The key thing: everything inside the box communicates via internal RPC, not public HTTP. Your Worker doesn’t make API calls to D1 or Vectorize — it uses bindings, which are direct function calls routed internally by Cloudflare’s runtime. There’s no auth, no serialization overhead, no internet round-trip.


How Cloudflare Workers Run Code

Workers are not containers. They’re V8 isolates — the same JavaScript engine that runs in Chrome, but without a browser.

What this means

Traditional server: Cloudflare Worker: Boot OS ─── doesn't exist Start runtime (Node, Python) ─── doesn't exist Load dependencies ─── doesn't exist Open DB connections ─── doesn't exist Wait for request Start here ─┐ Handle request Handle request │ ~1ms startup Send response Send response │ ───┘
  • No cold start. V8 isolates spin up in under 1ms (vs. 100ms–5s for containers).
  • No idle cost. Isolates are destroyed after the request. You don’t pay for a server sitting around.
  • Memory isolated. Each request runs in its own isolate. One request can’t read another’s memory.
  • Global deployment. Your code runs in 300+ data centers. When a request arrives at any Cloudflare PoP, a local isolate handles it.

The execution model

Request arrives at Cloudflare PoP (e.g., LAX) ├── V8 isolate created (< 1ms) ├── Your Worker code runs │ ├── env.DB.prepare("SELECT ...").run() ← RPC to D1 │ ├── env.AI.run("@cf/baai/bge-base-en-v1.5") ← RPC to Workers AI │ └── env.VECTORIZE.query(vector) ← RPC to Vectorize ├── Response sent to client └── Isolate destroyed

Each request is independent. There’s no shared state between requests (no global variables persisting, no connection pools). This is why Engram creates a fresh MCP server instance per request.


How Bindings Work

Bindings are the bridge between your Worker code and Cloudflare’s services. They look like regular JavaScript objects, but under the hood they’re RPC stubs — calling a method on a binding sends an internal message to the service and returns the result.

In wrangler.toml

[[d1_databases]] binding = "DB" # → env.DB in your code database_name = "engram-db" database_id = "fcf57f81-..." [[vectorize]] binding = "VECTORIZE" # → env.VECTORIZE in your code index_name = "engram-vectors" [ai] binding = "AI" # → env.AI in your code

In your code

export default { async fetch(request: Request, env: Env) { // These look like local function calls, but they're RPC const result = await env.DB.prepare("SELECT * FROM conversations").all(); const embedding = await env.AI.run(model, { text: ["hello"] }); const matches = await env.VECTORIZE.query(embedding, { topK: 10 }); } }

What happens behind the scenes

env.DB.prepare("SELECT ...").run() ├── Worker runtime serializes the SQL + bound params ├── Sends internal RPC to D1 service (same data center) ├── D1 executes SQL against SQLite ├── Result serialized back └── Returned to your code as a JavaScript object Total latency: typically 1-5ms

This is fundamentally different from making an HTTP request to a database API. There’s no DNS lookup, no TLS handshake, no HTTP parsing.
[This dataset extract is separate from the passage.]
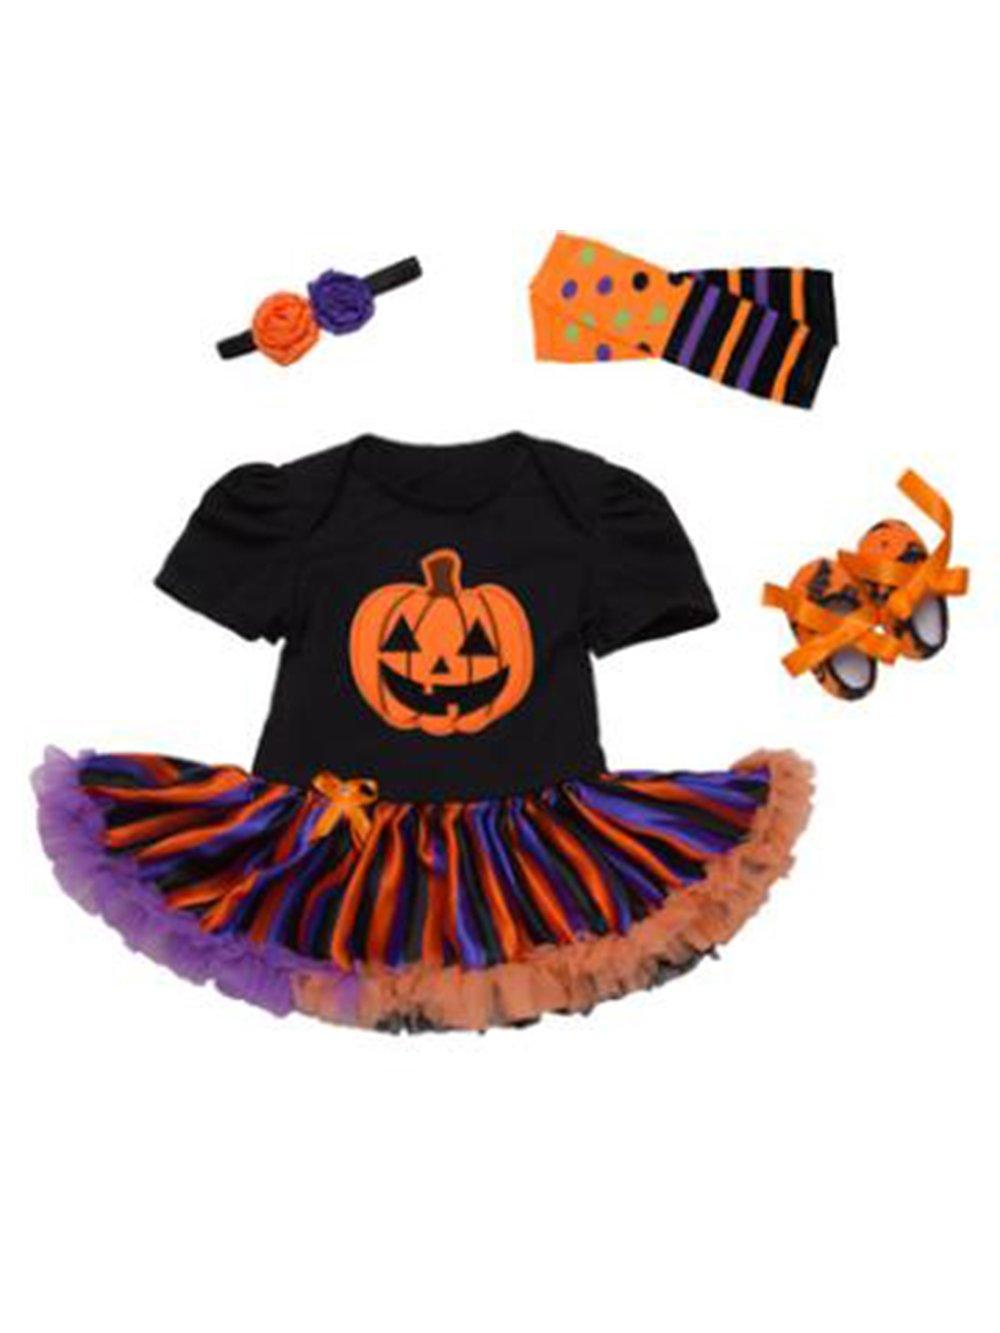 Neonata Appena Nata Pumpkin di Halloween Gonna Pagliaccetto Tutu Romper + Fascia + Scarpa + Calze 4pcs Imposta Abitini

It’s a direct internal message.


How D1 Works

D1 is SQLite running as a service on Cloudflare’s network. It’s not Postgres. It’s not MySQL. It’s actual SQLite — the same embedded database that runs on your phone — but managed by Cloudflare with automatic replication.

The architecture

┌───────────────┐ │ Write Primary │ (one location) │ SQLite │ └───────┬───────┘ │ replication ┌─────────────┼─────────────┐ ▼ ▼ ▼ ┌──────────┐ ┌──────────┐ ┌──────────┐ │ Replica │ │ Replica │ │ Replica │ │ (LAX) │ │ (CDG) │ │ (NRT) │ └──────────┘ └──────────┘ └──────────┘ ▲ ▲ ▲ │ │ │ Worker in Worker in Worker in Los Angeles Paris Tokyo
  • Reads go to the nearest replica. Fast everywhere.
  • Writes go to the primary (one region). Slightly higher latency for distant users, but consistent.
  • No connection pooling. Each D1 call is a self-contained RPC. No “too many connections” errors, no pgbouncer, no connection timeouts.

How Engram uses D1

Five tables, all scoped by organization_id:

organizations ── Tenants └── api_keys ── Auth credentials (SHA-256 hashed) └── conversations ── Containers for messages └── messages ── Verbatim content, ordered by sequence └── conversation_chunks ── Text windows for embedding

Every query includes WHERE organization_id = ?. The org_id is denormalized — it’s stored directly on messages and chunks, not just on the parent conversation. This means tenant-scoped queries never need JOINs:

-- Fast: direct filter on the messages table SELECT * FROM messages WHERE conversation_id = ? AND organization_id = ? ORDER BY sequence -- Not this: would require joining conversations to get org_id SELECT m.* FROM messages m JOIN conversations c ON m.conversation_id = c.id WHERE c.organization_id = ?

Migrations

Schema changes are standard SQL files in packages/db/migrations/:

0001_initial_schema.sql ── 5 tables with foreign keys + cascading deletes 0002_add_indexes.sql ── 7 indexes for query performance

Applied via: wrangler d1 migrations apply engram-db --remote


How Vectorize Works

Vectorize is a vector database — it stores arrays of numbers (vectors) and finds the most similar ones to a query vector. It’s how Engram does semantic search.

What is a vector?

A vector is a list of numbers that represents the meaning of text. The embedding model converts text into a point in 768-dimensional space. Texts with similar meaning end up as nearby points.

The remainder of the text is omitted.